Wireless authentication protocols

The Extensible Authentication Protocol (EAP) is a framework that’s commonly used on IEEE 802.11 wireless networks; it defines how systems are authenticated onto the network. There are different variations of EAP that are commonly used on wireless networks that use Wi-Fi Protected Access (WPA) and Wi-Fi Protected Access 2 (WPA2).

The following are the different variations of EAP:

• EAP over LAN: This type of EAP is used on networks that support IEEE 802.1X for Network Access Control (NAC), which allows devices on a wired network to authenticate to an Access Control Server (ACS) running the Remote Authentication Dial-In User Service (RADIUS) service.
• Lightweight EAP (LEAP): This is a Cisco-proprietary version of EAP that uses passwords only and not digital certificates during the authentication process. This version of EAP was on Microsoft’s version of Challenge-Handshake Authentication Protocol (CHAP), known as MS-CHAP, so it contains the same security concerns.
• Protected EAP (PEAP): This variation of EAP was designed by various organizations such as Cisco, Microsoft, and RSA Security to provide EAP for authentication. This version encapsulates the EAP message within a security (TLS) tunnel and uses digital certificates to improve the authentication process on both wired and wireless networks.
• EAP Flexible Authentication via Secure Tunneling (EAP-FAST): This version of EAP was created by Cisco as a replacement for LEAP, which was implemented on wireless networks that used Wired Equivalent Privacy (WEP) as the wireless security standard.
• EAP over TLS (EAP-TLS): This version of EAP is transported over TLS tunnels for better security. EAP-TLS uses mutual authentication where both the client and server exchange digital certificates.
• EAP Tunnel TLS (EAP-TTLS): This version of EAP also supports TLS tunneling over the network.
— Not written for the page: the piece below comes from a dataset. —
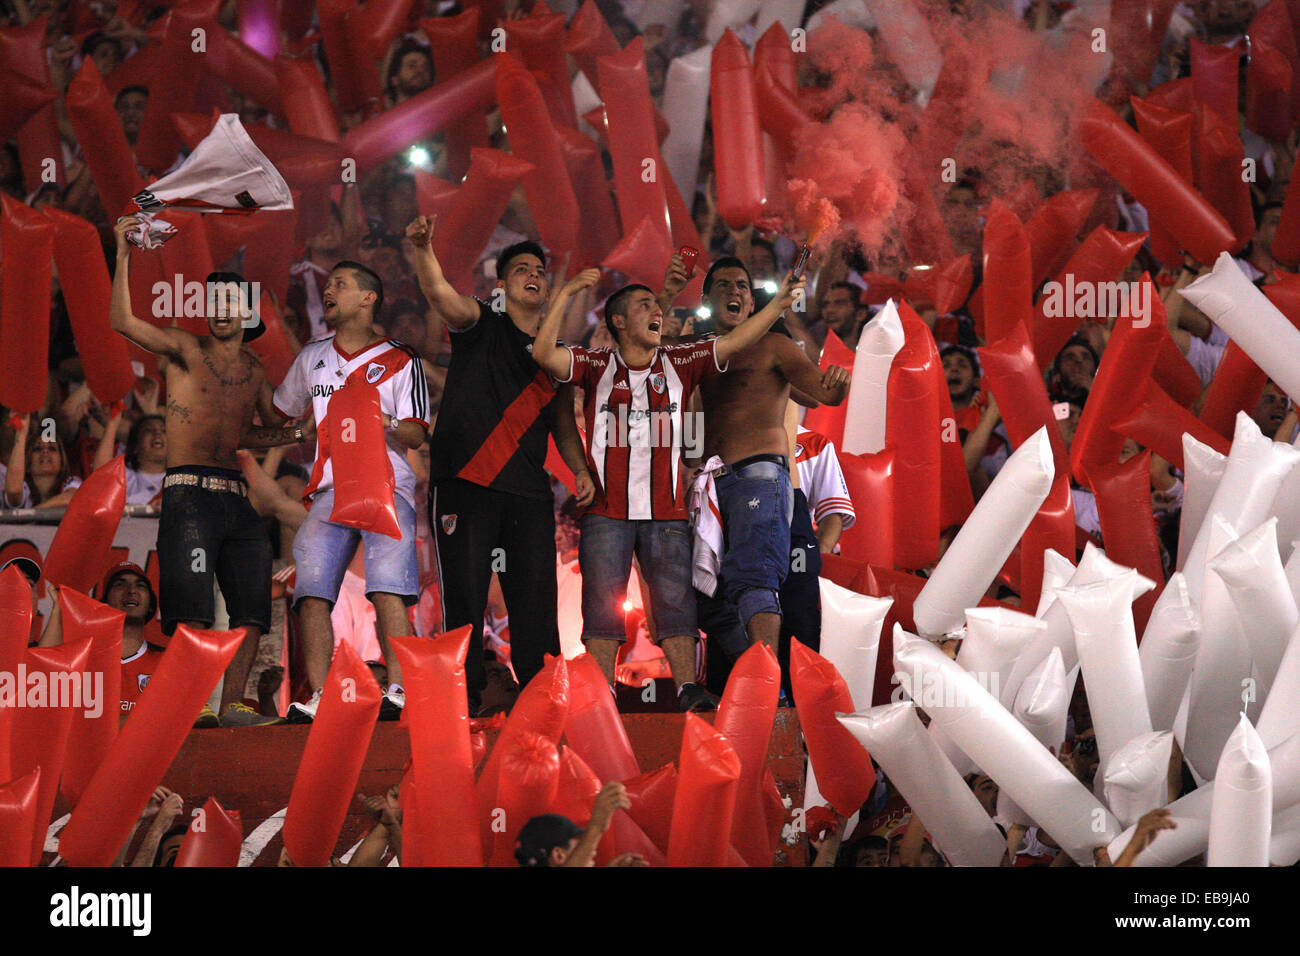 Buenos Aires, Argentina. 27th Nov, 2014. River Plate's fans react during the semifinal match of the South American Cup, against Boca Juniors, held at Antonio Vespucio Liberti Stadium, in Buenos Aires, Argentina, on Nov. 27, 2014. © Martin Zabala/Xinhua/Alamy Live News Stock Photo

In EAP-TTLS, only the server needs a digital certificate.

Next, you will discover various installation considerations that can improve the performance of a wireless network.

Installation considerations

Before implementing a wireless network within an organization, it is important to perform a wireless LAN survey to determine the number of access points needed and the placement of these devices within the building or company. Typically, a network professional will use a laptop computer with a wireless monitoring application such as InSSIDer to monitor the wireless signal strength, an access point that’s preferred by the company, a floor plan of the building, an electrical extension cord, and writing materials.

The network professional will connect the access point to a power outlet and leave it on the floor, then use the wireless monitoring application while walking further away from the access point to observe the wireless signal strength and mark the areas on the floor plan where the signal is weaker. Then, it connects the access point to an area where the signal is weak or absent to continue performing the site survey. This process is repeated until the network professional has covered the entire floor plan, indicating the placement of all access points and their coverage areas. This allows the network professional to determine the number of access points needed to provide maximum coverage and their placement within the building or compound.

The following figure shows a typical scale from a wireless monitoring application:

Figure 16.8 – Wireless signal scale

As shown in the preceding figure, this scale helps network professionals easily determine whether their mobile device, such as a laptop or smartphone, is too far away from the access point, or whether the wireless signal is too weak. Therefore, you want to ensure all the wireless clients on the network have amazing to very good signal. There might be a few clients who will experience okay signals on their mobile devices, but you need to remember that as devices move further away from the closest access point, the signal will become weaker.

Tip

There are many free Wi-Fi analyzer applications that all perform the same core functions: measure signal strength and operating channels and identify nearby wireless networks.

The following screenshot shows a WiFi Analyzer application detecting nearby wireless networks and their operating channels:

Figure 16.9 – WiFi Analyzer

As shown in the preceding screenshot, the WiFi Analyzer application can show the number of wireless networks found within the vicinity, their signal strength based on the location of the device running the wireless monitoring application, and the operating channels of each wireless network. Network professionals should ensure their wireless networks are not using any channels that overlap with other nearby access points.

Remote connectivity methods

A Virtual Private Network (VPN) provides a secure channel for communication over an unsecure network such as the internet. VPNs allow organizations to interconnect their remote offices securely without the need for a managed solution such as a Wide Area Network (WAN) from a regional Internet Service Provider (ISP). Many organizations around the world prefer a WAN because the service provider is responsible for establishing, maintaining, and troubleshooting any issues with the service to the customer. However, managed services from service providers cost money and not all organizations have the financial resources for such services. An alternative, cost-efficient solution is to implement a VPN to interconnect remote branch offices around the world. Many enterprise routers and firewall appliances support VPN technologies and allow network professionals to implement both site-to-site and client-to-site VPNs without spending a lot of money on managed services.

Important note

The client-to-site VPN was previously known as a remote access VPN.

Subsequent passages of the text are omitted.